PSJailbreak did not come from the homebrew scene and you cannot honestly think people were going to pay $150 just to run homebrew that didn't even exist. You said I should not ascribe PSJailbreak to be for piracy and yet in the same breath you devote them to the homebrew side. At best, you could say that they tie. OtherOS does not count as it is still restricted by the hypervisor.
The pirate method I was referring to is the USB descriptor buffer overrun.
The technological measures protecting HDDVDs and BluRay are as tough as any used by the gaming consoles. Even still, SlySoft in particular manages to deal with new hurdles faster than the rest of doom9.
PS3: OtherOS allowed unsigned code, way before piracy.
Wii: Team Twiizers, who are strongly anti-piracy, were the first to run unsigned code. This was later abused for piracy, but only after Nintendo refused to work with them to fix the issue.
Xbox 360: Don't know much about this. You might be right here.
Drivechips aren't "hacking" in any way comparable to what fail0verflow, Team Twiizers, or any other group accomplished.
I never said that running 1:1 backups is anything near the accomplishments in other instances. I am not the one trying to make a strong claim here. Anyone saying 'let people run linux on it or they will hack it, which leads to piracy' is basing that argument on the sole data point of the PS3. That is a terrible argument.
Naah. Every major security layer they had in place was broken or ineffective. That's usually a sign of deeper problems in the development process.
That, plus the serious problems they had at the launch of the PS3 Fat might indicate that a lot of know-how has leaked out of their organization and moved onto better things.
No, no, no.

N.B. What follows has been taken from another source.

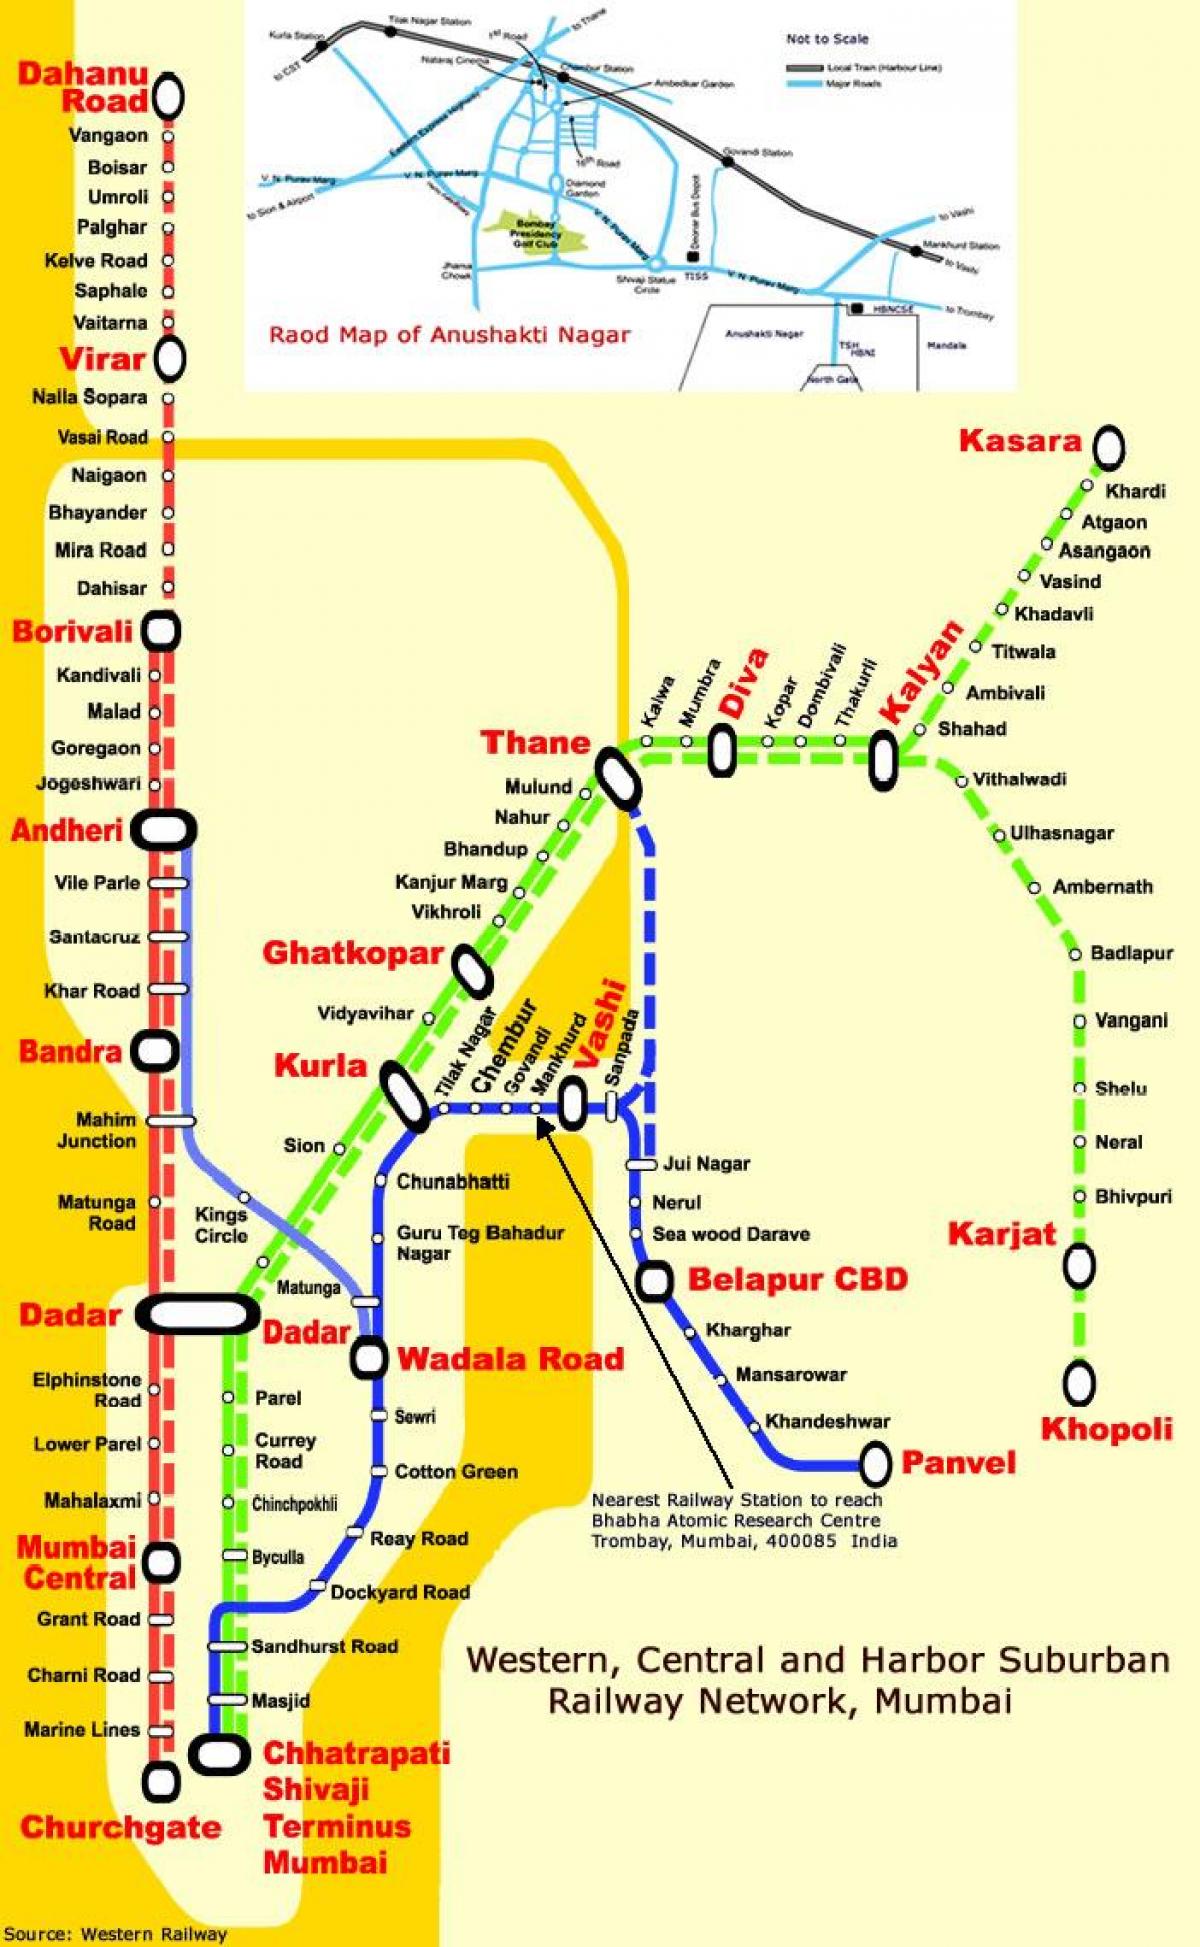 मुंबई सेंट्रल लाइन के स्टेशनों के नक्शे

This is a different exploit. We don't know how he did it yet. (He did get the private key mathematically, using the method from the talk, but not using the revocation list exploit)
Homebrew first and foremost, and reclaiming back the ability to run Linux on the consoles (and run it on the PS3 Slim as well). It's possible to pirate games with this knowledge, but from my understanding a lot of the Blu-ray security has not been broken at this point in time so these keys are by no means all you need to get up and start ripping those discs.
I have a PS3 that hasn't been received the update to remove the "Other OS" option(and I'm damn glad I waited...). Does this also provide access to the PS3 Hypervisor? I remember reading, a long time ago, that that was one portion of the PS3 that was restricted from running Linux. On the same token, I wonder if that could mean better performance... I found that running Yellow Dog Linux on it was awfully slow.
> On the same token, I wonder if that could mean better performance... I found that running Yellow Dog Linux on it was awfully slow.
The hypervisor is minimal in terms of overhead. The biggest impact comes from the fact that the PPC core in the PS3 doesn't do out-of-order execution. You'd be downright amazed how huge a difference this makes.
No kidding? I remember someone from GDC in 2005(the one, I believe from Maxis, who created a storm on Gamasutra after bashing the Wii two years later) that putting out-of-order execution on gaming consoles was going to cripple their capabilities... but the PS3 certainly doesn't seem to suffer from it as far as games are concerned. I don't know enough about the topic at this point so I'd have to read some more.
The strength of the PS3 doesn't lie with the PS3 core, but rather with the ring of SPEs that the Cell processor has. These allow insanely efficient data processing, where the PPC chip really doesn't do a whole lot except for managing logic and state.
However, nothing under OtherOS used the SPEs really, and it had no access to the GPU, so the speed came down to the in-order PPC core.
The CPUs in all of the current systems (Wii, PS3, and the Xbox 360) use in-order execution cores.
My understanding is that for the prevalent workloads presented by most games, out-of-order execution's benefits don't outweigh its costs in chip complexity/size/power consumption/heat/etc.
I would take the mans word and hire him. I'd even through Apple into his list, he did after all release jailbreaks for the iPhone too.